Terug naar Encyclopedie

Bezwaar en Beroep tegen Handhavingsbesluiten

Bezwaar en beroep tegen handhavingsbesluiten (hoofdstuk 6 en 8 Awb) toetsen rechtmatigheid. Rechter pruift de novo; voorlopige voorziening mogelijk bij urgentie.

1 min leestijd

Bezwaarprocedure tegen handhaving

Tegen handhavingsbesluiten zoals lasten onder dwangsom of boetes kan bezwaar worden gemaakt conform hoofdstuk 6 Awb. De termijn is zes weken na kennisneming. Het bestuursorgaan moet het bezwaar behandelen met hoorplicht, tenzij niet nodig.
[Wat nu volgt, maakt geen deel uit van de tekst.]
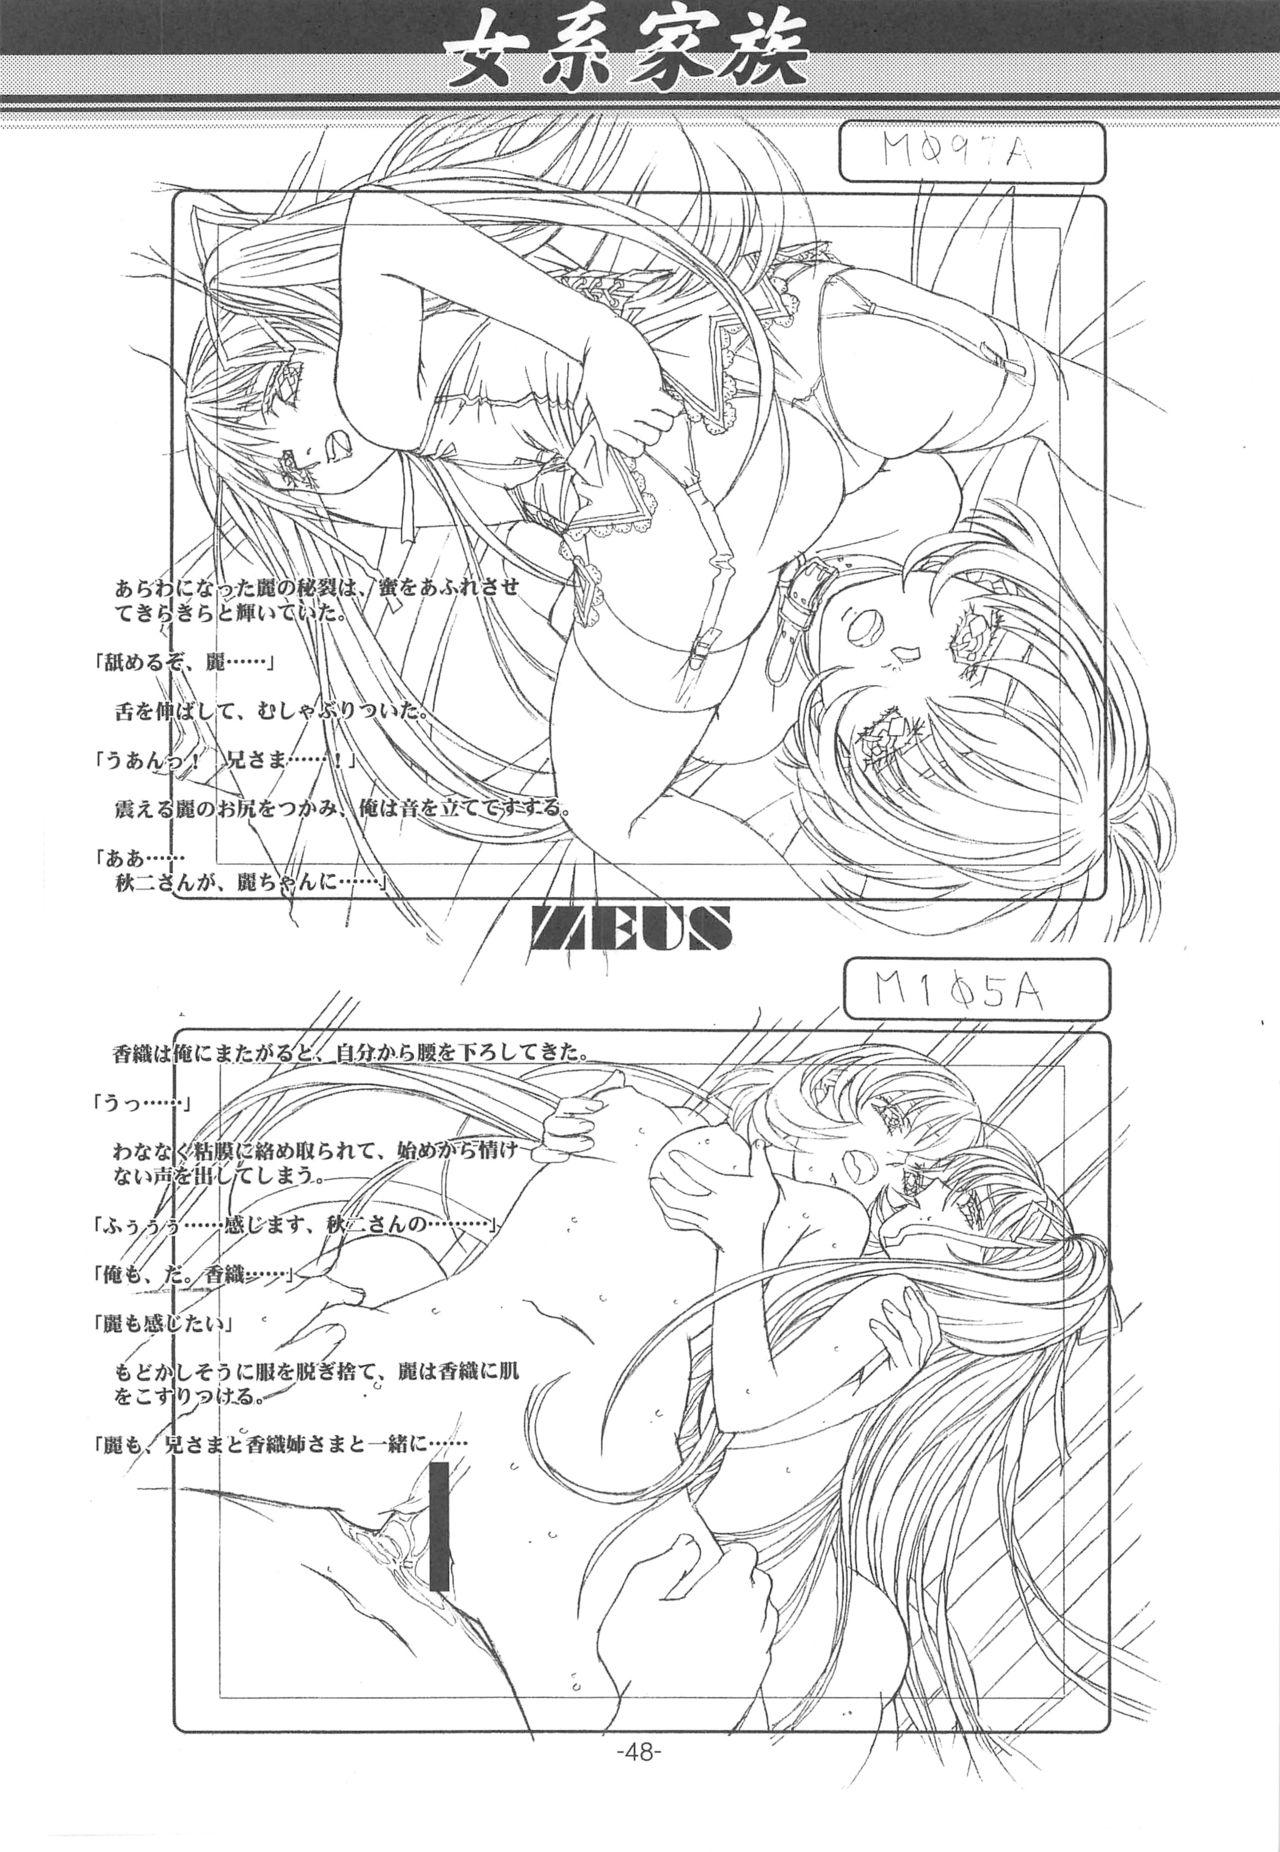 Otonano Do-wa Vol. 14 & Jokei Kazoku Senga shuu 46

In bezwaar toetst men de juridische kwalificatie, evenredigheid en procedurele voorschriften. Het bestuur kan het besluit wijzigen of intrekken.

Beroepsprocedure

Na bezwaar volgt beroep bij de bestuursrechter (art. 8:1 Awb). De rechter pruift de rechtmatigheid de novo, inclusief feitelijke beoordeling. Voorlopige voorziening (art. 8:81 Awb) schort uitvoering op bij spoedeisend belang.

Bij boetes geldt matigingsbevoegdheid (art. 5:43 Awb). Succesvolle beroepen leiden vaak tot vernietiging wegens onzorgvuldige kwalificatie of disproportionele maatregelen. Recente zaken benadrukken de motiveringsplicht.